2) Birinci Dünya Savaşı sonrası bölgeyle ilgili bütün uluslararası metinlerde Süleyman Şah'ın mezar yeri ile ilgili bütün hükümranlık haklarının TC'ye tanındığı ortadayken, mezarın Suriye'nin yaşadığı malum karışıklıklar yüzünden kuzeye taşınması neden Akp-Rte muhaliflerini bu kadar zıplatıyor? Tek sebebi var, saldıracakları bir alan bulduklarını düşünüyorlar. Ancak bu muhalefet tarzı onlara zarar veriyor. Benim yurtsever bilincimin salık verdiği muhalif tavır yapılan her yanlışa karşı koymak ancak aynı zamanda da "iktidarda kim olursa olsun, şayet memleket lehine bir tasarrufu varsa, o tasarrufu desteklemektir." Peki bu çıngar koparan arkadaşlar ne yapıyorlar? İktidardaki güç ne yapsa davulları tokmaklıyorlar. Avazları çıktığı kadar bağırıyorlar. Oysa ortada aynen 1975'teki nakilde olduğu gibi MÜCBİR SEBEP vardır.
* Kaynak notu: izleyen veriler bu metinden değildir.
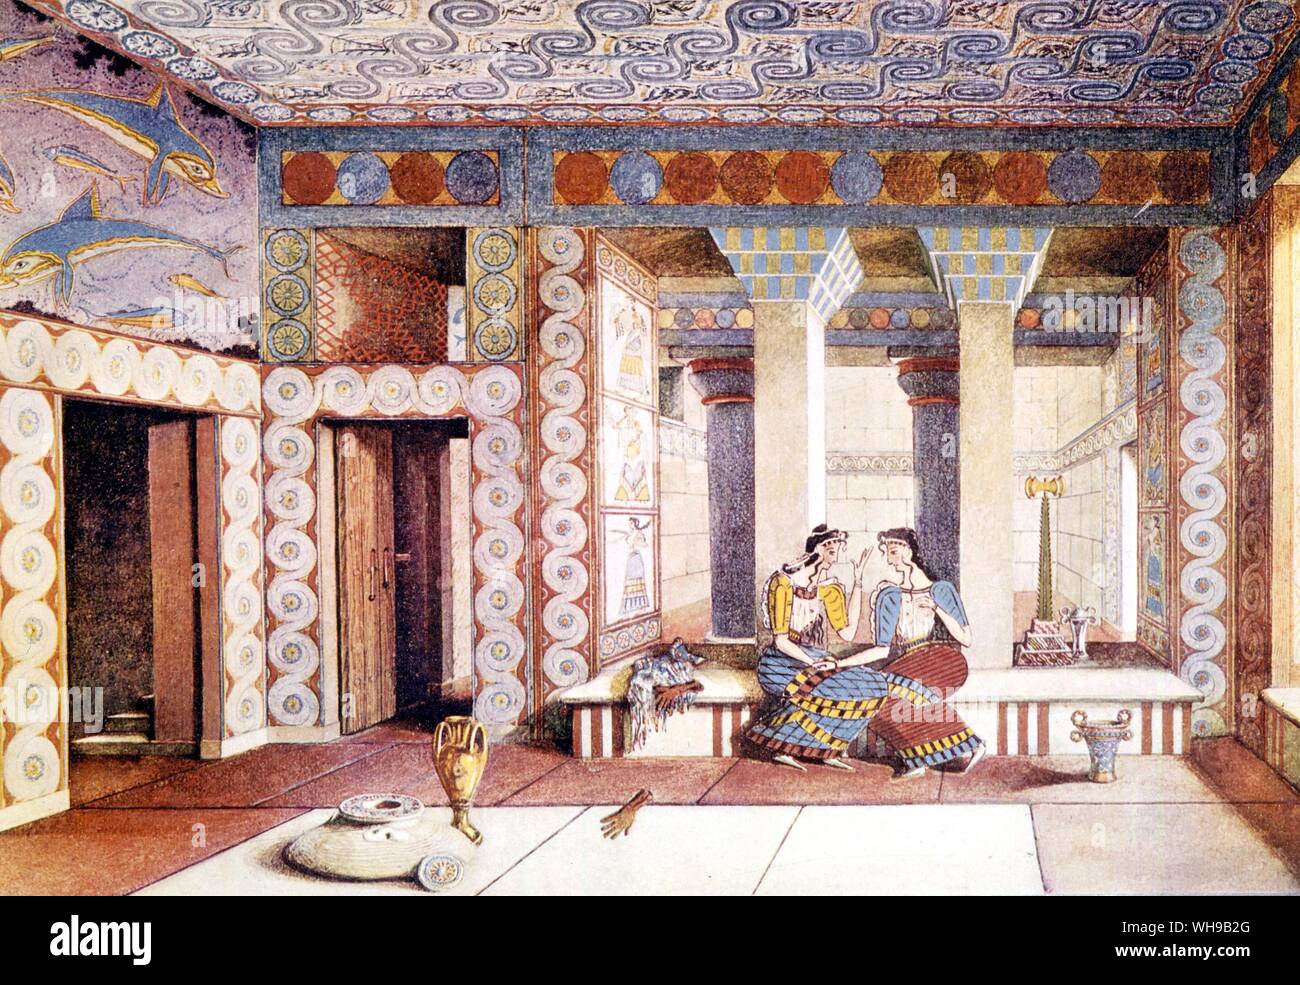 Artist impression of Palace of Knossos Crete Stock Photo

Savaş Hali tüm hukuk sistemlerinde mücbir sebep halleri içinde sayılır. İktidarın yaptığı doğrudur, yoksa bir ışid saldırısı olduğu takdirde oradaki askerlerimizin can güvenliği tehlikeye düşecektir. Eğer o terk edilen toprak parçasında meskenler ve yurttaşlarımız olsa tartışmanın seyri elbette böyle olmaz. Ancak orada korunan anımız, devletin tarihsel mirasıdır ve taşınabilir şeylerdir bunlar. Taşındığı yer ise aynı ebattaki başka bir Suriye toprağıdır. Yani Suriye'den de çıkılmamıştır. Daha evvel de taşındığını söyledik. Peki neden bu feveran o halde? Bu feveranı yapanlar halkın "Yahu aferin, aldılar geldiler işte. Bir savaş olsa şehit versek daha mı iyiydi?" şeklindeki gayet mantıklı yaklaşımından uzakta olmasalar bu kadar saçma sapan bir muhalif tutumu gösterirler miydi?
3) Kısaca halk -biraz evvel mahallemdeki kahvede de muhabbeti yapıldı- bu tip saçma saldırılardan hoşlanmıyor. Desteklemeyeceği varsa da dünkü mezar nakli işindeki gibi ipe sapa gelmez muhalif tutum ve saçma, bel altı, ahlaka ters saldırılar insanları Akp-Rte'ye daha çok itiyor. Gel gör ki Türkiye'deki muhalefet kesimleri halktan bihaber olduğundan kendi kendine çalıp oynuyor.
Son olarak; Dışişleri Bakanlığımız terk edilen toprak için nota çekmiştir. Terk edilen toprak parçasının TC'ye ait olduğunu, Suriye'deki savaş hali sona erdiğinde mezarın eski yerine nakledileceği bütün Dünya'ya duyurulmuştur. O nakletme zamanı geldiğinde eğer nakle karşı tutum alan olursa bu halde elbette "casus belli" oluşur.